The regulated transcription of genes required for peroxisome biogenesis is the connection between cell signalling and peroxisome biology. Combined biochemical fractionation and mass spectrometry approaches was used for studies to identify over 85 different proteins found in peroxisomes. However, enzymes that are involved in metabolic processes carried out by peroxisomes have been primarily identified, although mevalonate and phosphomevalonate kinase are classified as peroxisomal proteins. The first report about peroxisome as signalling organelles appear by Dixit et al. They demonstrated that besides mitochondria, mitochondrial antiviral signalling protein (MAVS)also localize at peroxisome and is crucial for antiviral innate immunity. The role of peroxisome in innate immune response was further expanded by the same group and it is reported that peroxisomes increases expression of type III interferon in response to diverse pathogenic stimuli.

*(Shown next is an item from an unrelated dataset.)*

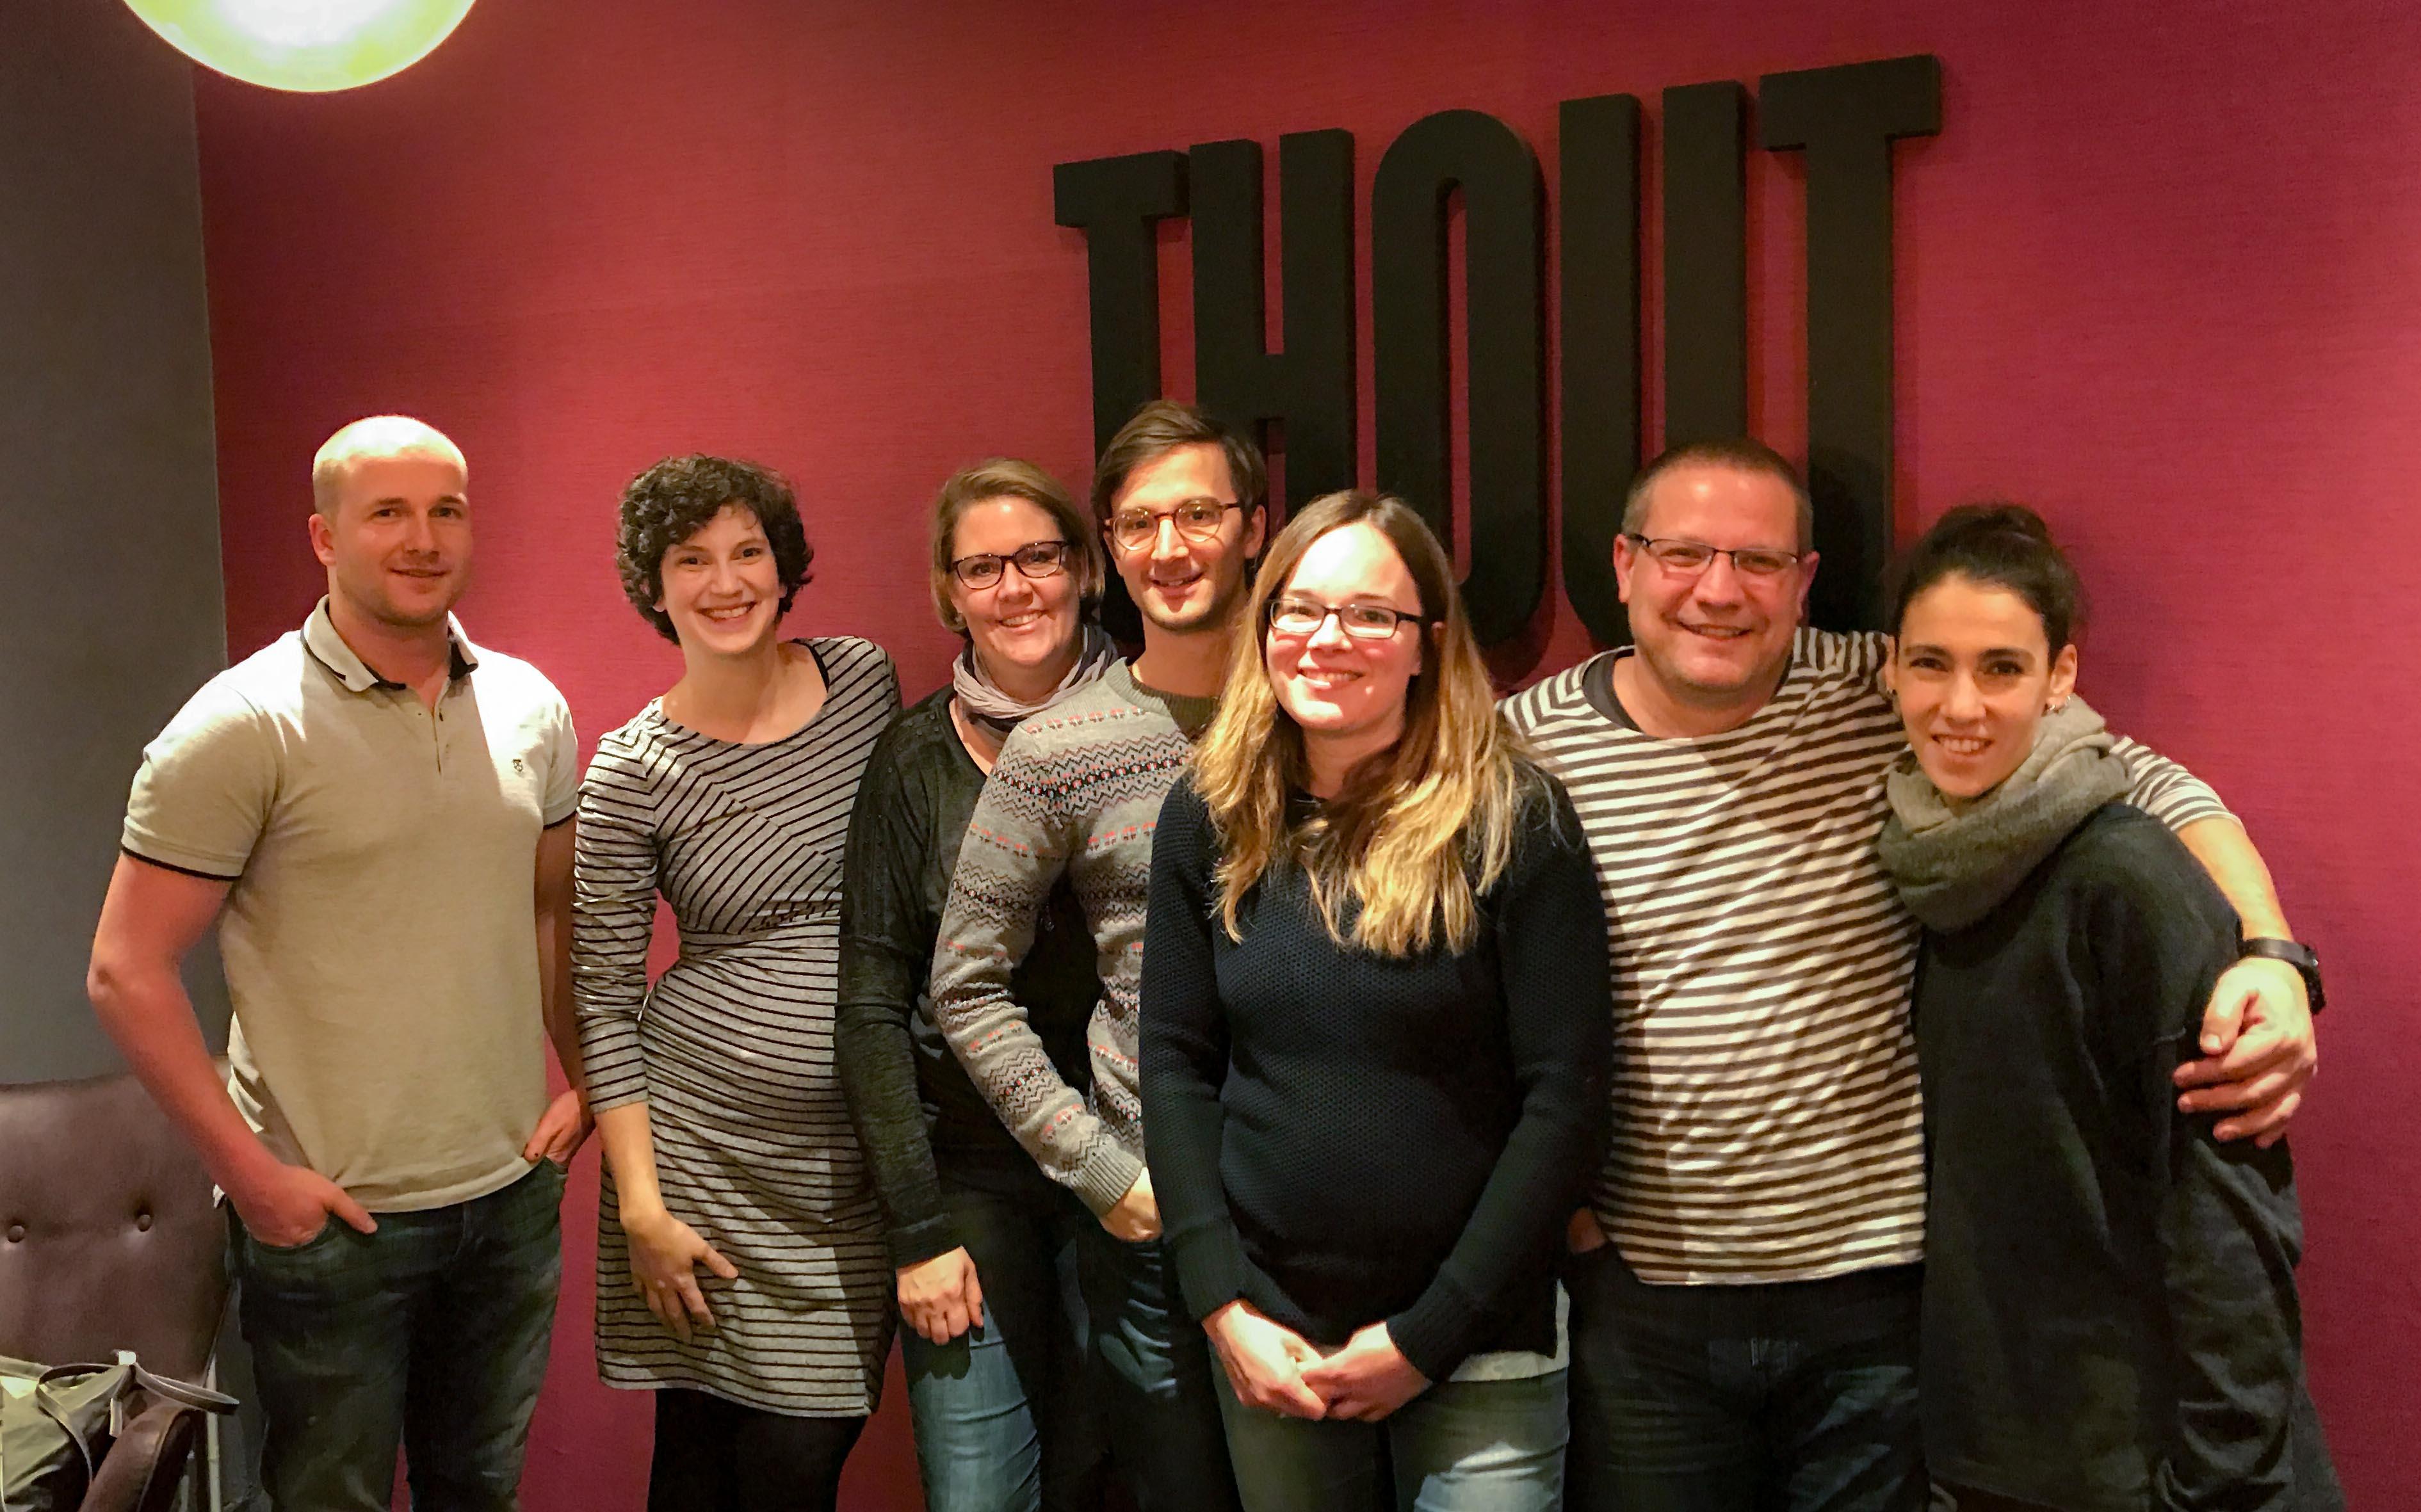 THOUT in Aachen EscapeRoom-Abenteuer ein Erfahrungsbericht mit Empfehlung | Jolly&Luke

Tuberous Sclerosis Complex 2 (TSC2) works as a negative regulator of mammalian target of rapamycin complex 1 (mTORC1) signalling. GTPase activating protein (GAP) is formed by TSC2 and TSC1 and can be found in the endomembrane and regulates Ras homolog enriched in brain (Rheb), which is needed for mTORC1 signalling. On mTORC1 signalling, TSC1/2 works as a ‘brake’. AMP kinase (AMPK) phosphorylation in response to energy stress will activate TSC.TSC will be inactivated when TSC2 is phosphorylated by other kinases in response to growth factor signalling, such as protein kinase B(AKT). AKT creates a 14-3-3 binding site, which removes TSC2 from the membrane, isolating it in the cytosol and relieving inhibition of Rheb to inactivate TSC.
Ataxia telangiectasia mutated (ATM) is a kinase that repairs DNA and the ‘first responder’ to double-strand breaks in DNA. ATM triggers several downstream signalling cascades that start DNA repair, cell cycle arrest and apoptosis when activated by DNA damage. Other than regulating cellular reactive oxygen species (ROS) level, ATM is used for carbon metabolism, adipocyte differentiation and glucose homeostasis, insulin resistance, cardiac remodelling and induction of autophagy.
Cross-talk between signalling pathways in which the TSC-2 and ATM tumour suppressors participate requires peroxisomes. Oxidative stress causes cytoplasmic ATM to activate. ATM phosphorylated LKB in response to exogenous or endogenous ROS, and later reactive nitrogen species (RNS) to activate AMPK and TSC2. As a result, mTORC1 signalling was shut off, decreasing protein synthesis and activating autophagy. A new function for ATM in the cytoplasm was established and a new signalling pathway is identified in which both ATM and TSC2 participated to regulate autophagy in response to oxidative stress.
Soon, these early studies were followed by data that the TSC signalling node (TSC1, TSC2 and Rheb) was localized to the peroxisome. On TSC1 and TSC2, peroxisome targeting sequences were identified. If mutated, their localization to the peroxisome will be discontinued. Other data was about the TSC tumour suppressor will be activated by peroxisomal ROS when localized to the peroxisome, using drugs like fibrate Wy-14643, which triggers peroxisomes to produce more ROS. In the liver, Peroxisome proliferator-activated receptor (PPAR) activation by fibrates leads to an imbalance between PPAR-mediated transcription of peroxisomal ROS creating enzymes and ROS scavenging enzymes, causes the production of peroxisomal ROS increase. Hepatocarcinogenesis can occur due to this elevated ROS. Repression of mTORC1 occurred when TSC2 was activated by peroxisomal ROS, which increased autophagic flux in the cell.
The activation of the TSC tumour suppressor and specifically targets peroxisomes for pexophagy in response to ROS is mediated by ATM localization to the peroxisome. An initial report from the Watters group had localized ATM to the peroxisome, and identified a putative peroxisome import signal at the carboxyterminus of this kinase. ATM signals via LKB1 and AMPK to phosphorylate and activate TSC2, repressing mTORC1 and increasing autophagic flux when activated by peroxisomal ROS.